MHB Solve Simultaneous Equations: No/1/Inf Solns?

[Guest2]

$x+2y-z=2 \\
x-y+z =5 \\
3x+3y-z=\mu$

The question is for what value of the parameter has the equation (a) no solutions, (b) one solution, and (c) infinitely many solutions.

The trouble when I solve this system using guassian elimination I get $

(x, y, z) = ( -19-\frac{1}{2}\mu, 7, -7-\frac{1}{2}\mu)$

 

[Prove It]

$x+2y-z=2 \\
x-y+z =5 \\
3x+3y-z=\mu$

The question is for what value of the parameter has the equation (a) no solutions, (b) one solution, and (c) infinitely many solutions.

The trouble when I solve this system using guassian elimination I get $

(x, y, z) = ( -19-\frac{1}{2}\mu, 7, -7-\frac{1}{2}\mu)$

Write the system in matrix form as

$\displaystyle \begin{align*} \left[ \begin{matrix} 1 & \phantom{-}2 & -1 \\ 1 & -1 & \phantom{-}1 \\ 3 & \phantom{-}3 & -1 \end{matrix} \right] \left[ \begin{matrix} x \\ y \\ z \end{matrix} \right] = \left[ \begin{matrix} 2 \\ 5 \\ \mu \end{matrix} \right] \end{align*}$

The system will have unique solution if $\displaystyle \begin{align*} \left| \begin{matrix} 1 & \phantom{-}2 & -1 \\ 1 & -1 & \phantom{-}1 \\ 3 & \phantom{-}3 & -1 \end{matrix} \right| \neq 0 \end{align*}$ and either no solution or infinite solutions if $\displaystyle \begin{align*} \left| \begin{matrix} 1 & \phantom{-}2 & -1 \\ 1 & -1 & \phantom{-}1 \\ 3 & \phantom{-}3 & -1 \end{matrix}\right| = 0 \end{align*}$.

 

[Guest2]

But those determinants won't give me a condition on $\mu$.

Is there a way to read this off from the reduced row echelon form?

 

[topsquark]

But those determinants won't give me a condition on $\mu$.

Is there a way to read this off from the reduced row echelon form?

As the question is stated there is no condition on [math]\mu[/math].

-Dan

 

[Guest2]

As the question is stated there is no condition on [math]\mu[/math].

-Dan

I found that $\mu = 9$ - and wolfram says that's the only value for which the system has solution.

 

[topsquark]

I found that $\mu = 9$ - and wolfram says that's the only value for which the system has solution.
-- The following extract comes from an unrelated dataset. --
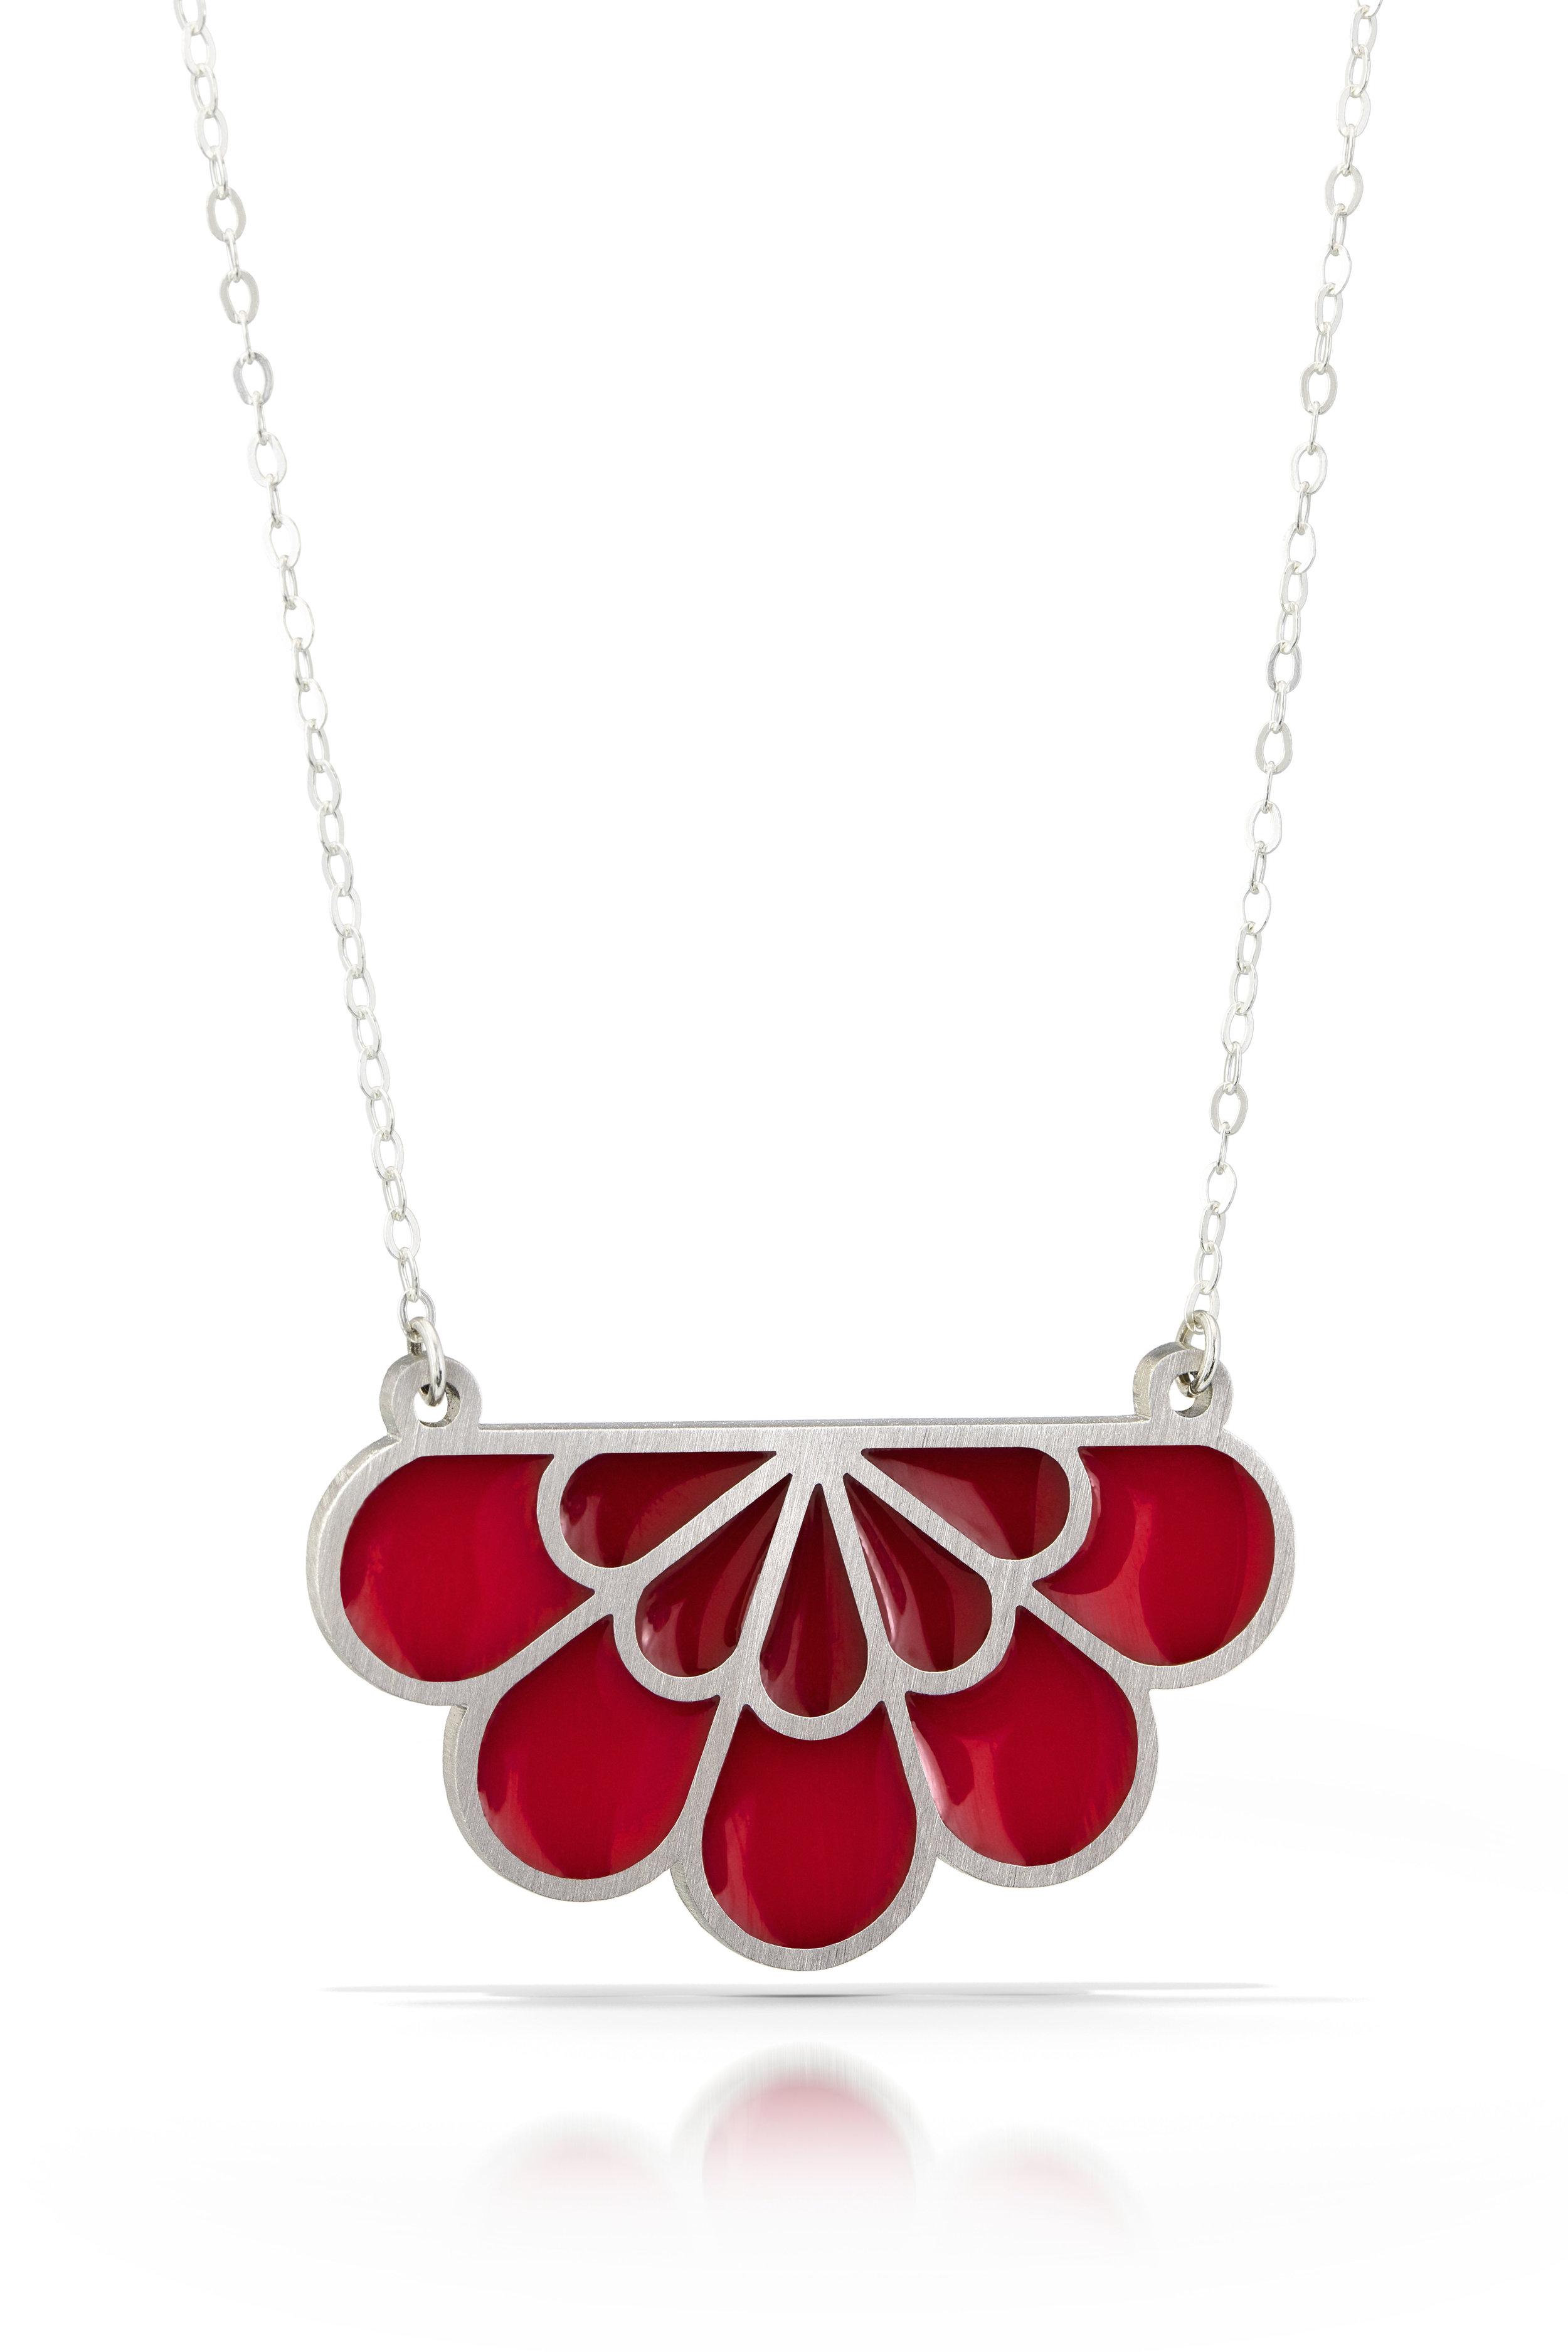 Petals necklace.jpg

(Doh) That just shows that thinking the problem backward (as I did) is no substitute for thinking of it by simply solving the problem.

My apologies and thanks for the catch.

-Dan

 

[Guest2]

I reduced the matrix to row reduced echelon form

$A =\begin{pmatrix} 1& 0& 1/3& 0\\ 0 &1 &-2/3 &0\\ 0& 0& 0& 1\end{pmatrix}$

 

[Guest2]

If I compute the determinant I get det(A) = 0.

Could someone please explain what the answer to the problem is.